1. Initial timer$t=0$

2. $s\leftarrow acquire \left(stream\right)$

3. $S\leftarrow add\left(s\right)$

4. If$\left(size \left(S\right)>1\right)$

5. For$i=1:size \left(S\right)$

6. Estimate the sensitive unique attribute from all streams

7. $w\left(i\right)\leftarrow S\left(i, j\right)$, record the ${j}^{th}$position unique value

8. End For

9. Define hash function for stream $w$ using Eq. (1) and apply

10. For$i=1:size \left(w\right)$

11. $h\left(i\right)\leftarrow \left(a.w\left(i\right)+b\right)mode c$

12. $h\left(i\right)\leftarrow binary \left(h\left(i\right)\right)$

13. $r\left(i\right)\leftarrow trailingzeros\left(h\left(i\right)\right)$

14. End For

15. Compute maximum value:$R\leftarrow \text{max}\left(r\right)$

16. Compute distinct tuples:$N\leftarrow {2}^{R}$

17. If$(N==size (w)$

18. Current stream $s$ is unique and apply pre-processing

19. $p\leftarrow algorithm 2\left(s\right)$

20. $t++$

21. Else

22. Discard stream s from stream S as:$S\leftarrow substract\left(s\right)$

23. $t++$

24. End If

25. Else

26. $S\leftarrow algorithm 2\left(S\right)$

27. $t++$

28. End If

29. $D\leftarrow add\left(p\right)$

30. Check time constraint

31. If$\left(t\ge \lambda \right)$

32. Return $\left(D\right),$Launch ACPP phase

33. Reset timer $t=0$, goto step 1

34. Else

35. goto step 2

36. End If

Algorithm 2

shows the pre-processing of each input stream.

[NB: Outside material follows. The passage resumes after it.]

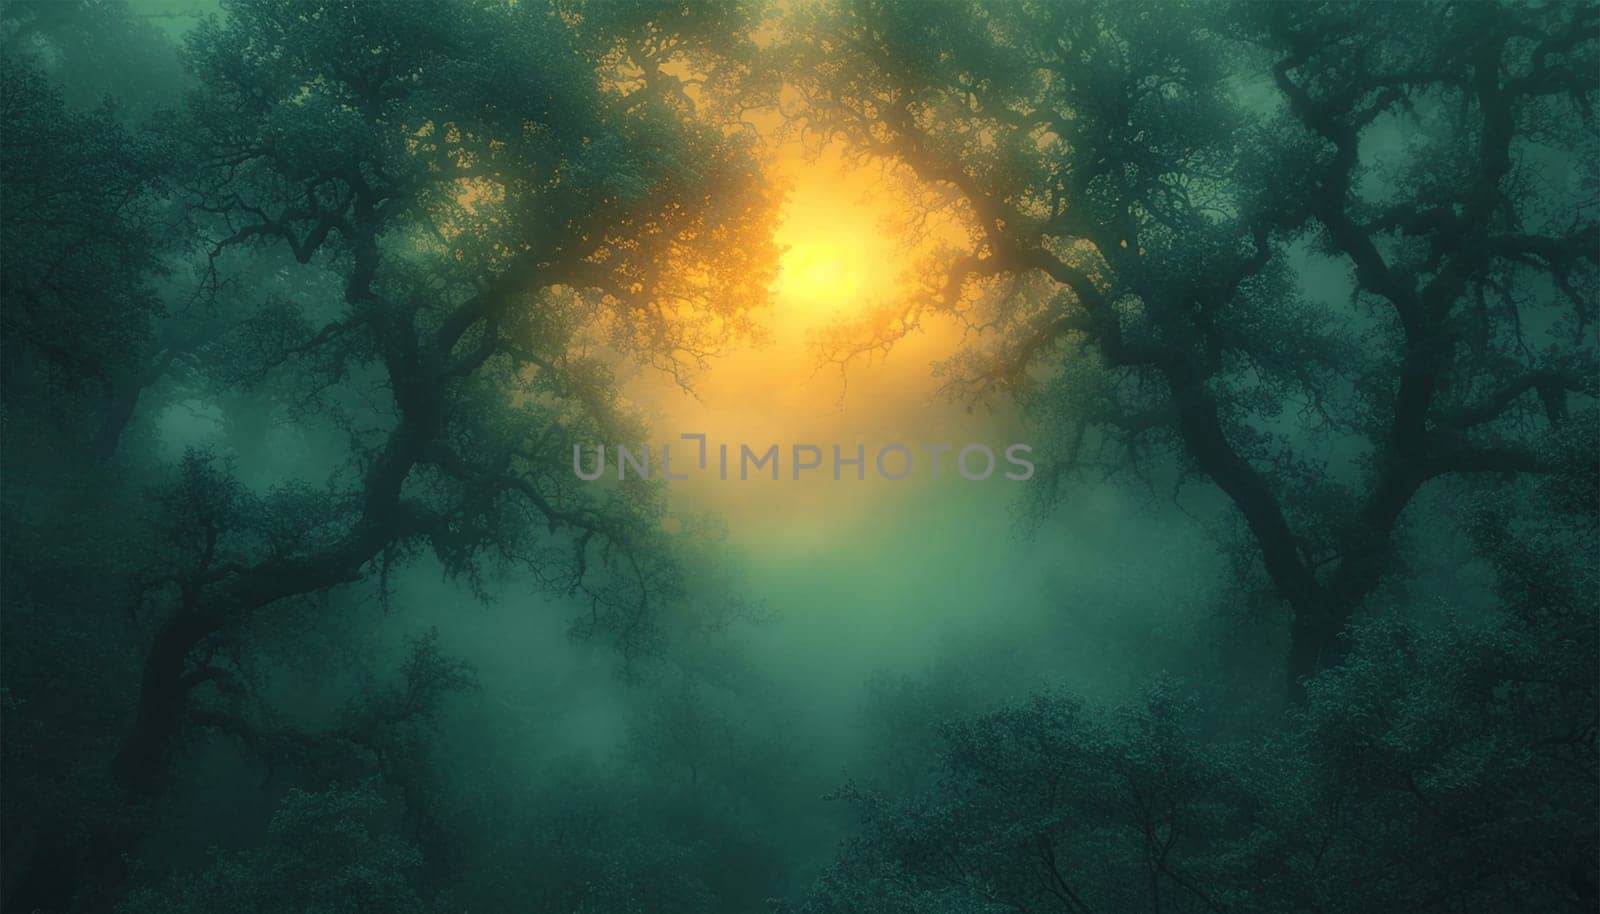 Fantasy forest. Fairy tale magical morning forest with sunlight beams. Magical particles swirl among the fantastically enchanted trees. Mystical woods. by Annebel146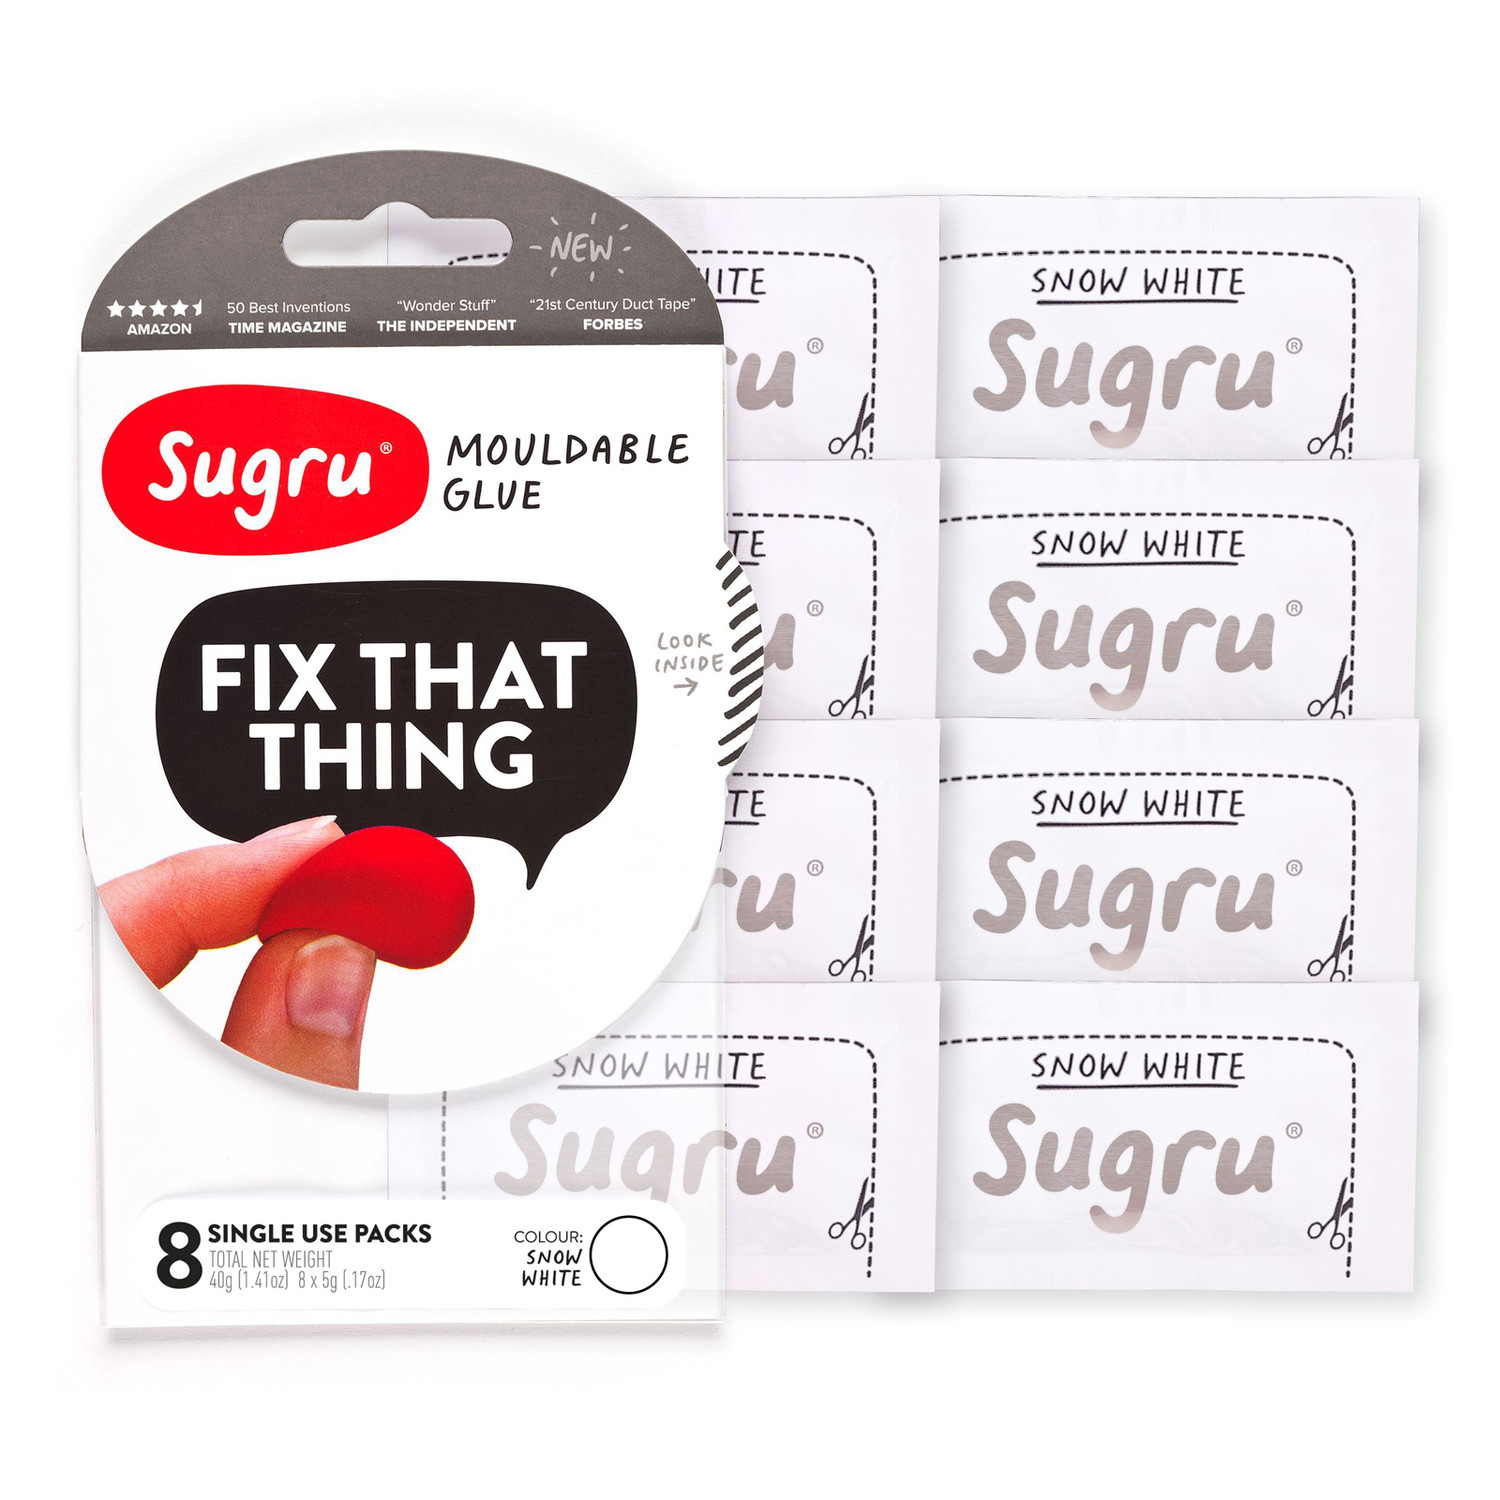 SUGRU WORLD'S FIRST MOULDABLE GLUE

First, we have checked whether the attribute is a string. If it strings then, we performed the lemmatization using NLP to convert the incorrect strings into the meaningful form and remove the noise in the string. Apart from this, we have addressed the challenges of missing or incomplete data in this work for numeric attributes. We have discovered the numeric attributes and replaced them with relevant values using the function. The discover the most relevant value using statistical analysis of same attributed of other steams.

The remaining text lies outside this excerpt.